▸ PROBLEM DESCRIPTION:
From the data below, repeat everything exactly except the images.

▸ DATASET EXCERPT:

=== Section Start ===

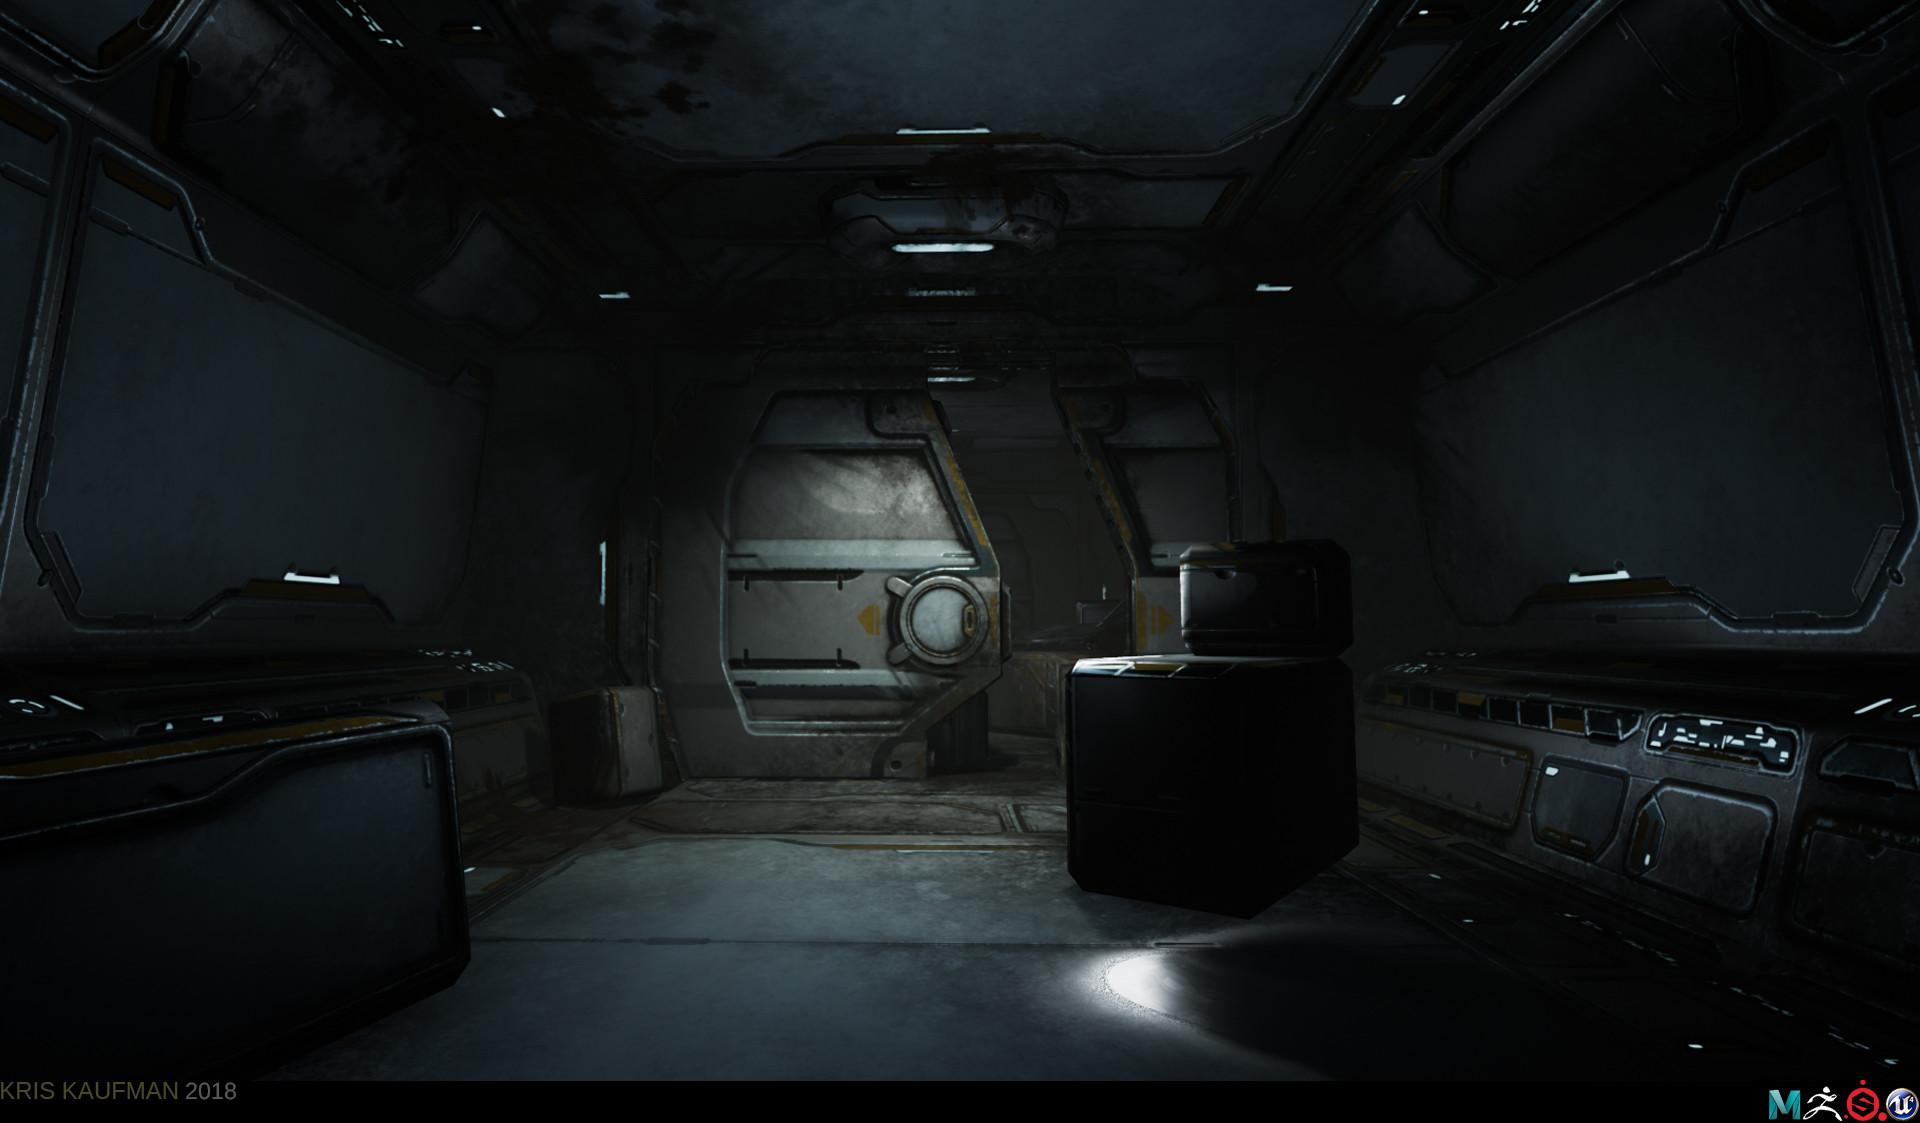 Kris kaufman corridor 04
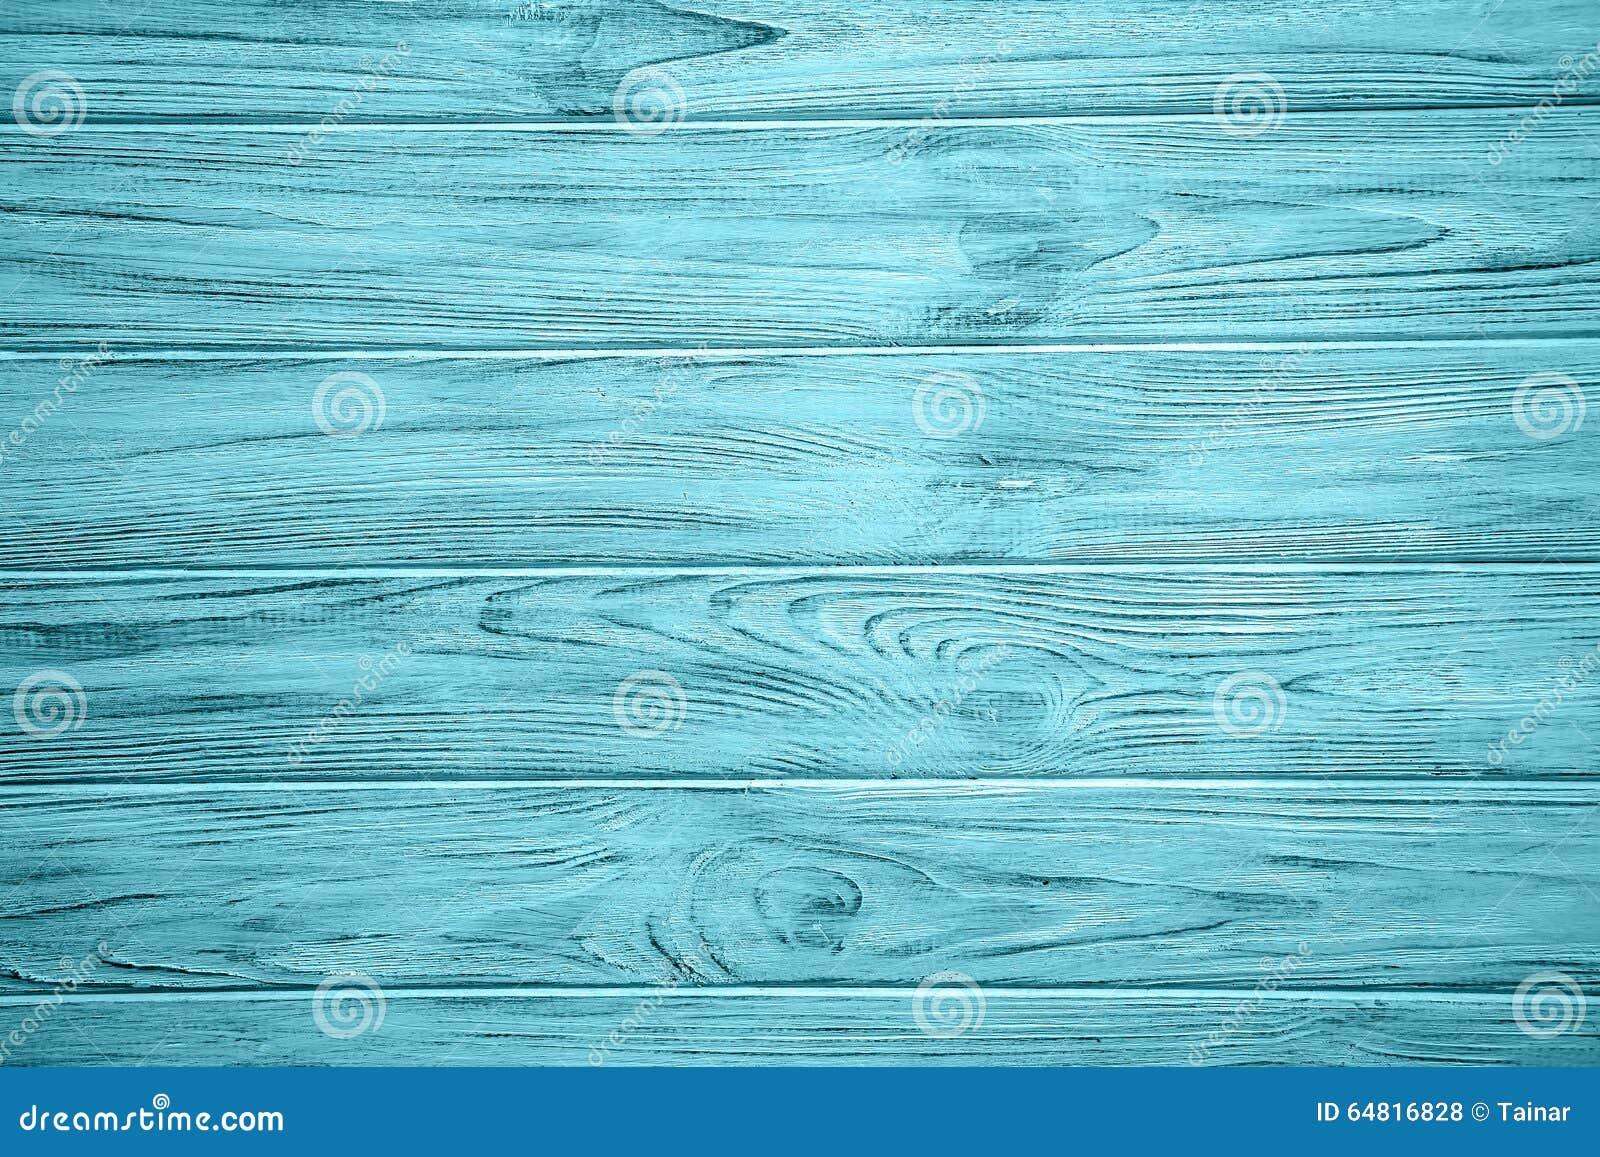 vintage blue wood background - photo #26
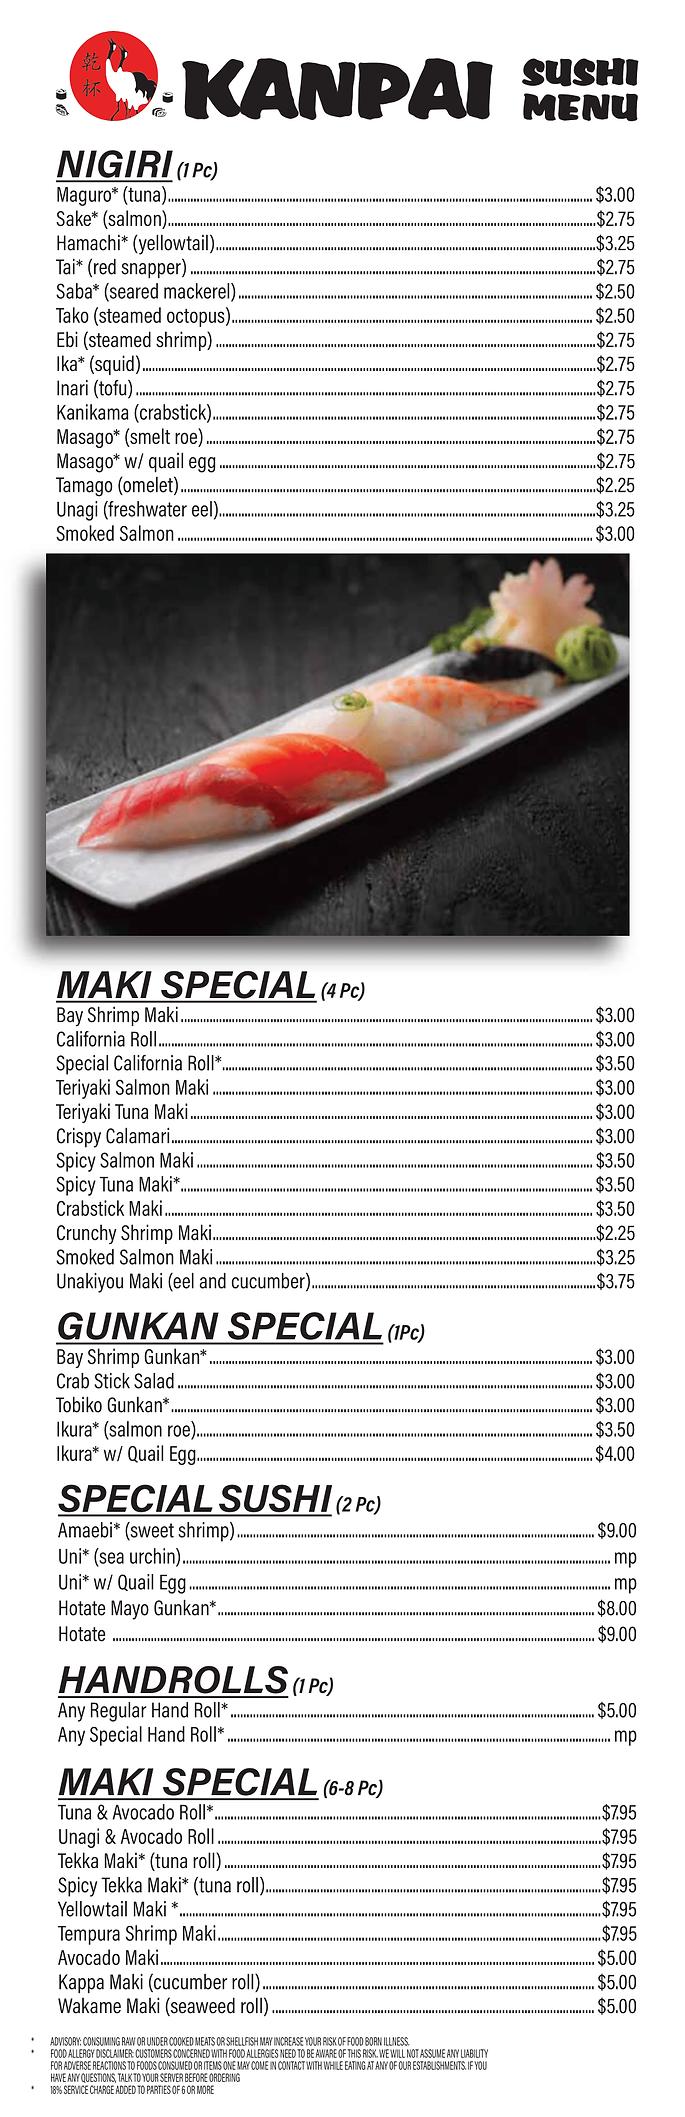 KanPai Sushi Menu PROOF-1.png

=== Section End ===

▸ WRITTEN RESPONSE:
 Kris kaufman corridor 04
 vintage blue wood background - photo #26
 KanPai Sushi Menu PROOF-1.png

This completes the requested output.